If you have opened an entire Pandora’s Box worth of possibilities, how do you then condense that into an album? AMOK‘s quite a short, concise record, as well.

TY: “Well this was very much our first response to the situation. We did the three days of endless jamming thing, and it sort of formed into something. We didn’t think about it too much, it was just… there were a few gems of ideas that came together, it was an excuse to all hang out, and an excuse to work.”

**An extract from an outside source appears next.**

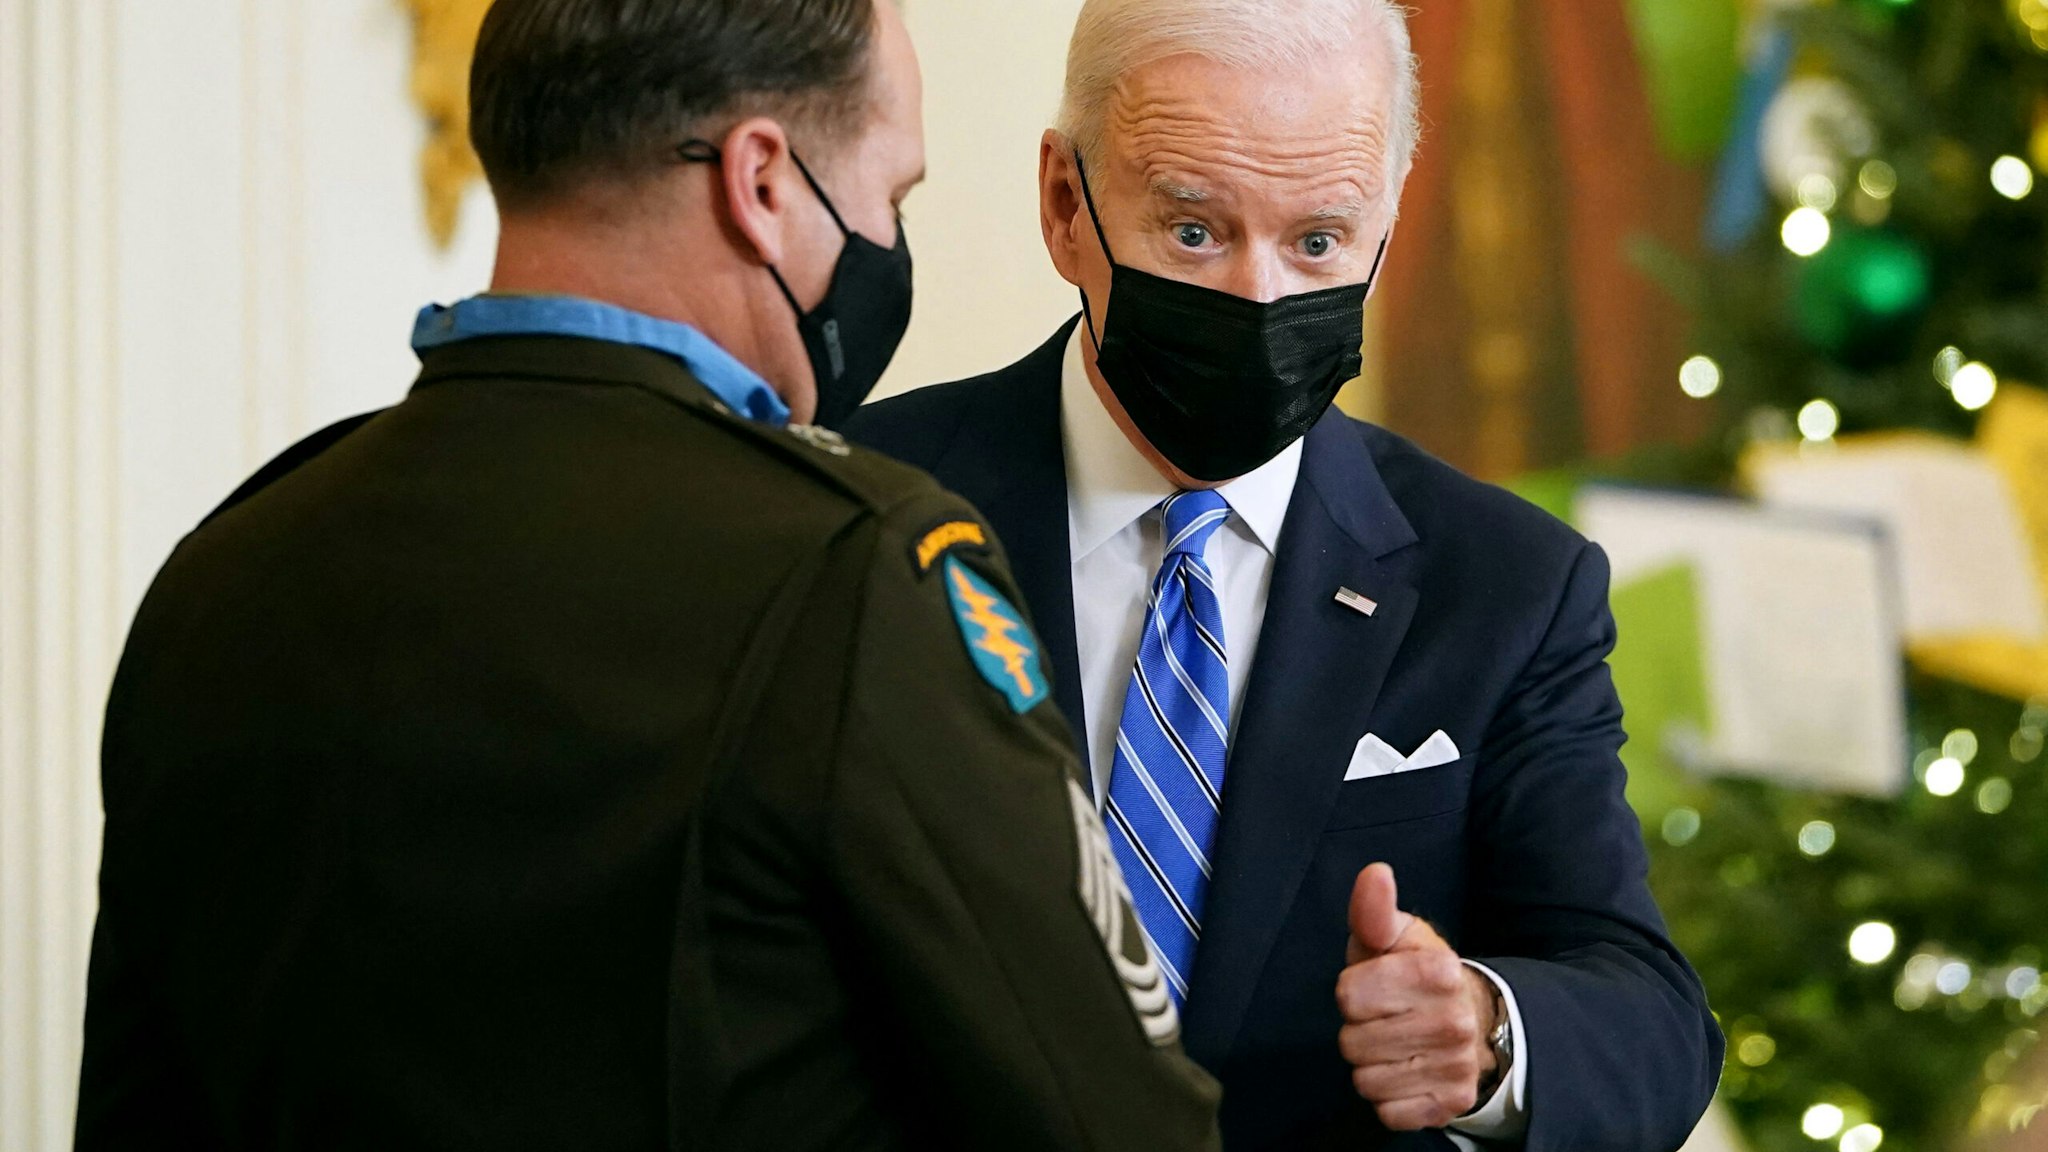 US President Joe Biden gives a thumbs up after presenting the Medal of Honor to US Army Master Sergeant Earl D. Plumlee during a ceremony in the East Room of the White House in Washington, DC on December 16, 2021.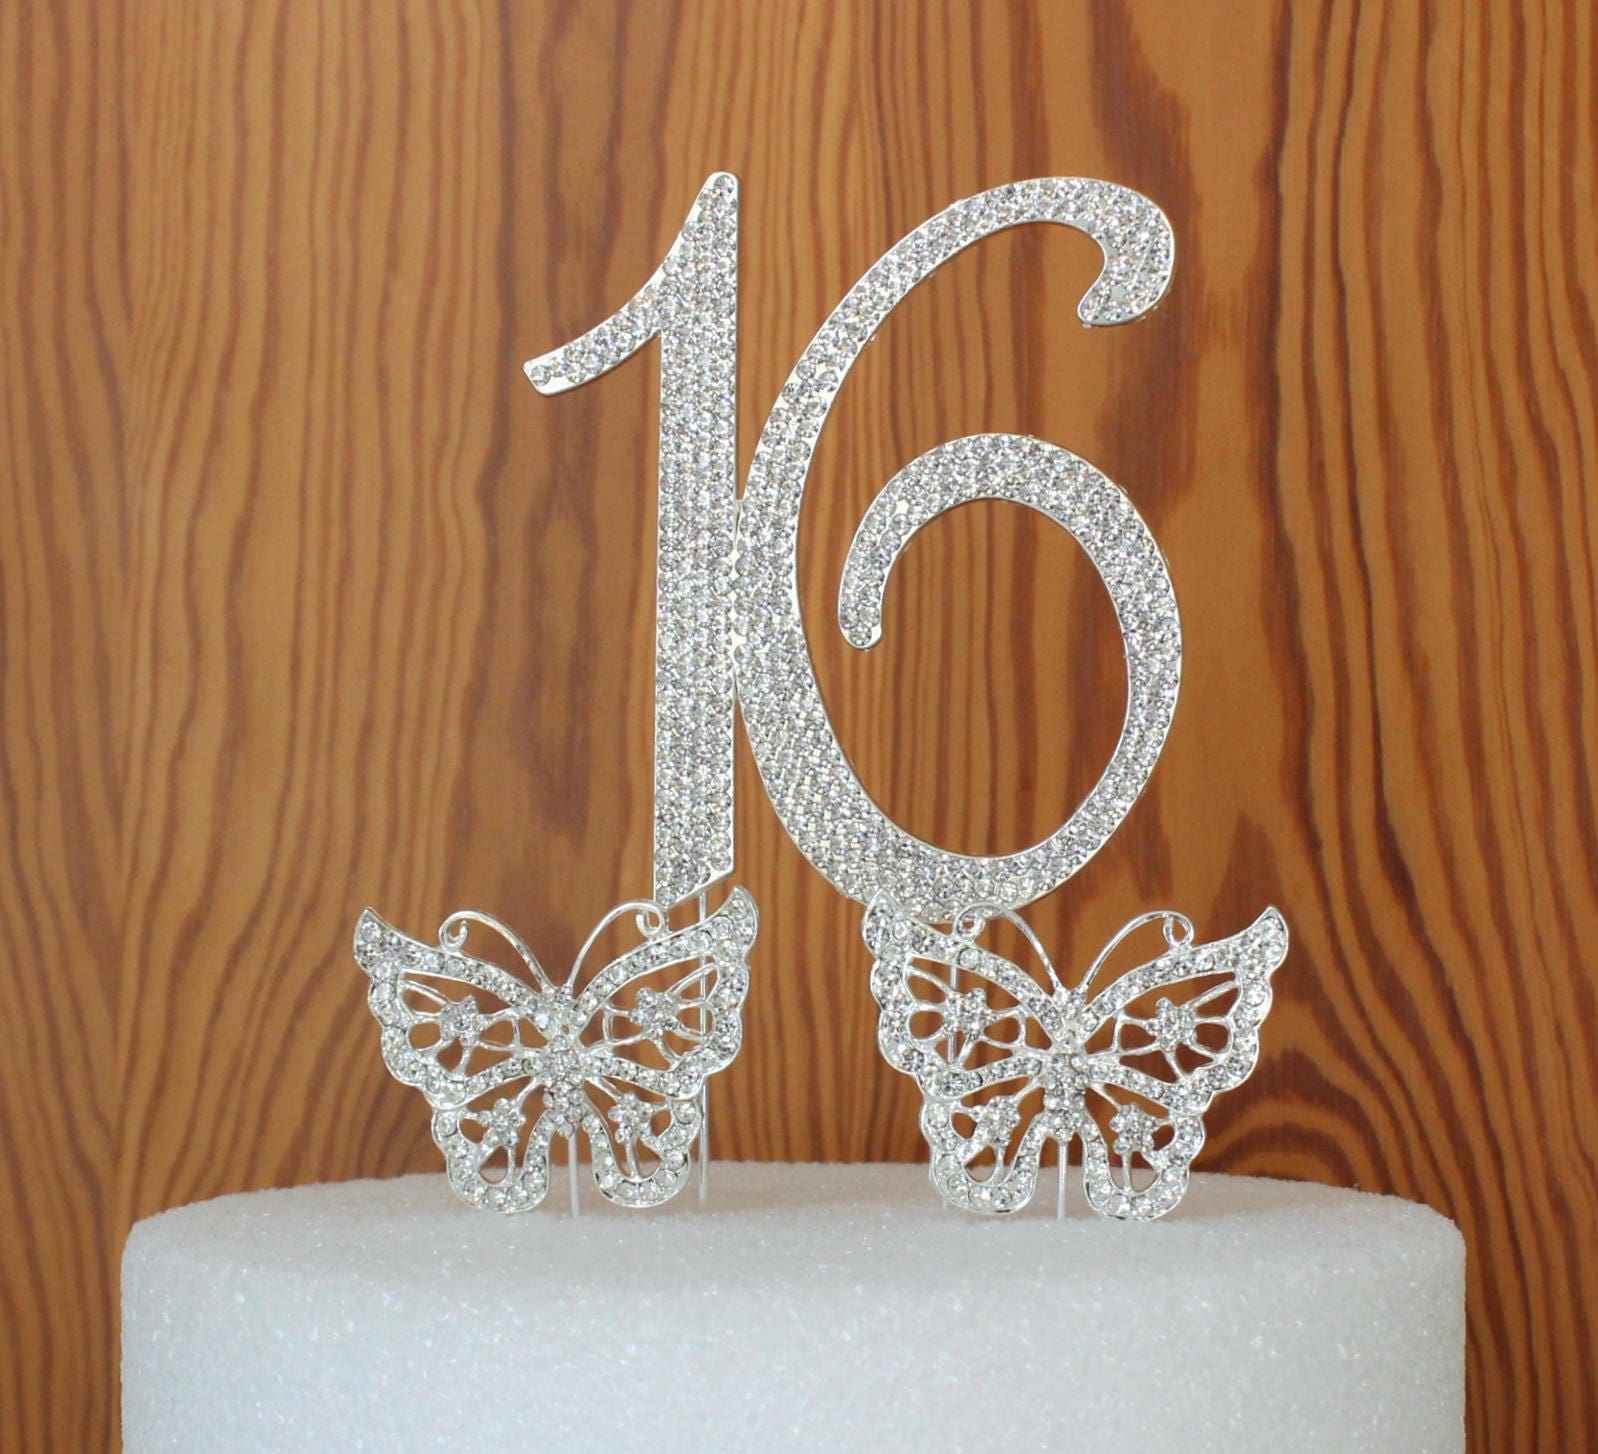 Sweet 16 Silver Crystal Rhinestone Cake Topper 16th Birthday Bling Party Favor

NG: “When you talk about this Pandora’s Box idea, it generates a lot of ideas that you can then sit in front of you and pick and choose from. We’re saying Pandora’s Box, but it was fun. It was more like a chocolate box really.”

A Bento Box?

NG: “If you will. Ultimately, there’s a lot of possibilities but we agree on what we like, and it’s really really fun. That’s the bottom line. It’s really fun to play that stuff, and it’s really fun having these musicians who can keep up with it.”

TY: “Finishing it off was the tricky bit – writing the words, as usual.”

When did it reach the point where it had gone beyond a means of making live material, and you realised there was an album in it?

NG: “I think we knew that straight off. The last three days of the tour, that was mostly dedicated to making new material.”

TY: “Then we said ‘see you later chaps’, and went off and made it into an album.”

NG: “We didn’t quite know what was going to come out of those three days, but we knew that we were trying to make a record. We’d seen the potential, and saw what it could turn into. Given that it was a retrospective project – taking [The Eraser‘s] material and reinterpreting it and replaying it – it was nice to then write some new material together that was inclusive.”

I thought it was interesting that AMOK references track titles from both The Eraser ['Atoms for Peace'] and Radiohead’s Hail to the Thief ['Judge, Jury and Executioner'].

TY: “Does it?”

Yeah, ‘Myxomatosis’ had the ‘Judge, Jury and Executioner’ subtitle.

TY: “[laughs] That was a mistake. I forgot I’d already used that! I’ve only got a limited wardrobe.”

So that wasn’t deliberate?

TY: “No, I’d genuinely forgotten that. You know, my lyric book’s only so thick.”